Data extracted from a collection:
*****

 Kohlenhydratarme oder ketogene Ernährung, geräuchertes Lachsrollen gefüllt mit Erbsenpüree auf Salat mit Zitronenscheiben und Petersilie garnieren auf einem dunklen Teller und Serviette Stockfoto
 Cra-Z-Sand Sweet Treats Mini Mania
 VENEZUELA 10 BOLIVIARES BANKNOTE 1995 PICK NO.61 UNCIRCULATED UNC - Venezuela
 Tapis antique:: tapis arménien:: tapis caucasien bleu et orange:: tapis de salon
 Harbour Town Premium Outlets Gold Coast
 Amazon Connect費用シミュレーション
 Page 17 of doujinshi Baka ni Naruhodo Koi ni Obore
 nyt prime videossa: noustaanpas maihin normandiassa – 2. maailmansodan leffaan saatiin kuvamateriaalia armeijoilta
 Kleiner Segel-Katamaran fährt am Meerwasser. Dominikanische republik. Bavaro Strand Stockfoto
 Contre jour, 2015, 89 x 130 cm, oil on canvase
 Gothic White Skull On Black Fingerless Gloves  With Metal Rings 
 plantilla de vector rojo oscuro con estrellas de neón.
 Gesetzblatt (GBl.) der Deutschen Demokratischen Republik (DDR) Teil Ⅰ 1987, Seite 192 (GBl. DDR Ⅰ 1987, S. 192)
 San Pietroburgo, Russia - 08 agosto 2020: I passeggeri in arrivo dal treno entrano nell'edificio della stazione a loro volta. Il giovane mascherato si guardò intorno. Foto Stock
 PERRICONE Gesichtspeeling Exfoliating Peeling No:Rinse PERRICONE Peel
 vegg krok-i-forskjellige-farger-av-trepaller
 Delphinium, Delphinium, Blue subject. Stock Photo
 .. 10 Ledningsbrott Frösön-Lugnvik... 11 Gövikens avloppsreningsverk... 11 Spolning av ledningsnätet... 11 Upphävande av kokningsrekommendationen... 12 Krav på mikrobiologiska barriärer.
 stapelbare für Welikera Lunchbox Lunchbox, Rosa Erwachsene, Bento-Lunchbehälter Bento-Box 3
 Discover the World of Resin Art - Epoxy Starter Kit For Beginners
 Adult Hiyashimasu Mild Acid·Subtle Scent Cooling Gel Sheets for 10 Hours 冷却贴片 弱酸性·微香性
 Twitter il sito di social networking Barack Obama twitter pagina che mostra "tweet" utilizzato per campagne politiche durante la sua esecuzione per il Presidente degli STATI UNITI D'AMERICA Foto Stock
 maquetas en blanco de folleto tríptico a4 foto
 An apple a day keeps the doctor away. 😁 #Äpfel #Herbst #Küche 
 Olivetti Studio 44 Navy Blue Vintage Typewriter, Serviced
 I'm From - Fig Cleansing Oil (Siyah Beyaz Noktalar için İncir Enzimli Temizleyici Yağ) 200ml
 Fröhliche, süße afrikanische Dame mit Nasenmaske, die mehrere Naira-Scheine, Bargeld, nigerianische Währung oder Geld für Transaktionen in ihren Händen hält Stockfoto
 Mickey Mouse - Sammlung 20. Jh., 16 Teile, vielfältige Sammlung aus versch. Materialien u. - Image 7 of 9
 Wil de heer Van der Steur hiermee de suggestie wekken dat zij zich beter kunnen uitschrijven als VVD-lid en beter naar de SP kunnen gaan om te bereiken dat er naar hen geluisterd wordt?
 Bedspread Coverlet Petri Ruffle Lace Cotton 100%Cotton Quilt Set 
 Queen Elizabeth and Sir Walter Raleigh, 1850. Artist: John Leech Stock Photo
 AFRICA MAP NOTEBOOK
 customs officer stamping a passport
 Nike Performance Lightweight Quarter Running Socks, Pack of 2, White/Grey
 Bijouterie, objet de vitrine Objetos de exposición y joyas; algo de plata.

*****

#### What you need to do
Would you write out each entry precisely as it is given?

#### Answer below
 Kohlenhydratarme oder ketogene Ernährung, geräuchertes Lachsrollen gefüllt mit Erbsenpüree auf Salat mit Zitronenscheiben und Petersilie garnieren auf einem dunklen Teller und Serviette Stockfoto
 Cra-Z-Sand Sweet Treats Mini Mania
 VENEZUELA 10 BOLIVIARES BANKNOTE 1995 PICK NO.61 UNCIRCULATED UNC - Venezuela
 Tapis antique:: tapis arménien:: tapis caucasien bleu et orange:: tapis de salon
 Harbour Town Premium Outlets Gold Coast
 Amazon Connect費用シミュレーション
 Page 17 of doujinshi Baka ni Naruhodo Koi ni Obore
 nyt prime videossa: noustaanpas maihin normandiassa – 2. maailmansodan leffaan saatiin kuvamateriaalia armeijoilta
 Kleiner Segel-Katamaran fährt am Meerwasser. Dominikanische republik. Bavaro Strand Stockfoto
 Contre jour, 2015, 89 x 130 cm, oil on canvase
 Gothic White Skull On Black Fingerless Gloves  With Metal Rings 
 plantilla de vector rojo oscuro con estrellas de neón.
 Gesetzblatt (GBl.) der Deutschen Demokratischen Republik (DDR) Teil Ⅰ 1987, Seite 192 (GBl. DDR Ⅰ 1987, S. 192)
 San Pietroburgo, Russia - 08 agosto 2020: I passeggeri in arrivo dal treno entrano nell'edificio della stazione a loro volta. Il giovane mascherato si guardò intorno. Foto Stock
 PERRICONE Gesichtspeeling Exfoliating Peeling No:Rinse PERRICONE Peel
 vegg krok-i-forskjellige-farger-av-trepaller
 Delphinium, Delphinium, Blue subject. Stock Photo
 .. 10 Ledningsbrott Frösön-Lugnvik... 11 Gövikens avloppsreningsverk... 11 Spolning av ledningsnätet... 11 Upphävande av kokningsrekommendationen... 12 Krav på mikrobiologiska barriärer.
 stapelbare für Welikera Lunchbox Lunchbox, Rosa Erwachsene, Bento-Lunchbehälter Bento-Box 3
 Discover the World of Resin Art - Epoxy Starter Kit For Beginners
 Adult Hiyashimasu Mild Acid·Subtle Scent Cooling Gel Sheets for 10 Hours 冷却贴片 弱酸性·微香性
 Twitter il sito di social networking Barack Obama twitter pagina che mostra "tweet" utilizzato per campagne politiche durante la sua esecuzione per il Presidente degli STATI UNITI D'AMERICA Foto Stock
 maquetas en blanco de folleto tríptico a4 foto
 An apple a day keeps the doctor away. 😁 #Äpfel #Herbst #Küche 
 Olivetti Studio 44 Navy Blue Vintage Typewriter, Serviced
 I'm From - Fig Cleansing Oil (Siyah Beyaz Noktalar için İncir Enzimli Temizleyici Yağ) 200ml
 Fröhliche, süße afrikanische Dame mit Nasenmaske, die mehrere Naira-Scheine, Bargeld, nigerianische Währung oder Geld für Transaktionen in ihren Händen hält Stockfoto
 Mickey Mouse - Sammlung 20. Jh., 16 Teile, vielfältige Sammlung aus versch. Materialien u. - Image 7 of 9
 Wil de heer Van der Steur hiermee de suggestie wekken dat zij zich beter kunnen uitschrijven als VVD-lid en beter naar de SP kunnen gaan om te bereiken dat er naar hen geluisterd wordt?
 Bedspread Coverlet Petri Ruffle Lace Cotton 100%Cotton Quilt Set 
 Queen Elizabeth and Sir Walter Raleigh, 1850. Artist: John Leech Stock Photo
 AFRICA MAP NOTEBOOK
 customs officer stamping a passport
 Nike Performance Lightweight Quarter Running Socks, Pack of 2, White/Grey
 Bijouterie, objet de vitrine Objetos de exposición y joyas; algo de plata.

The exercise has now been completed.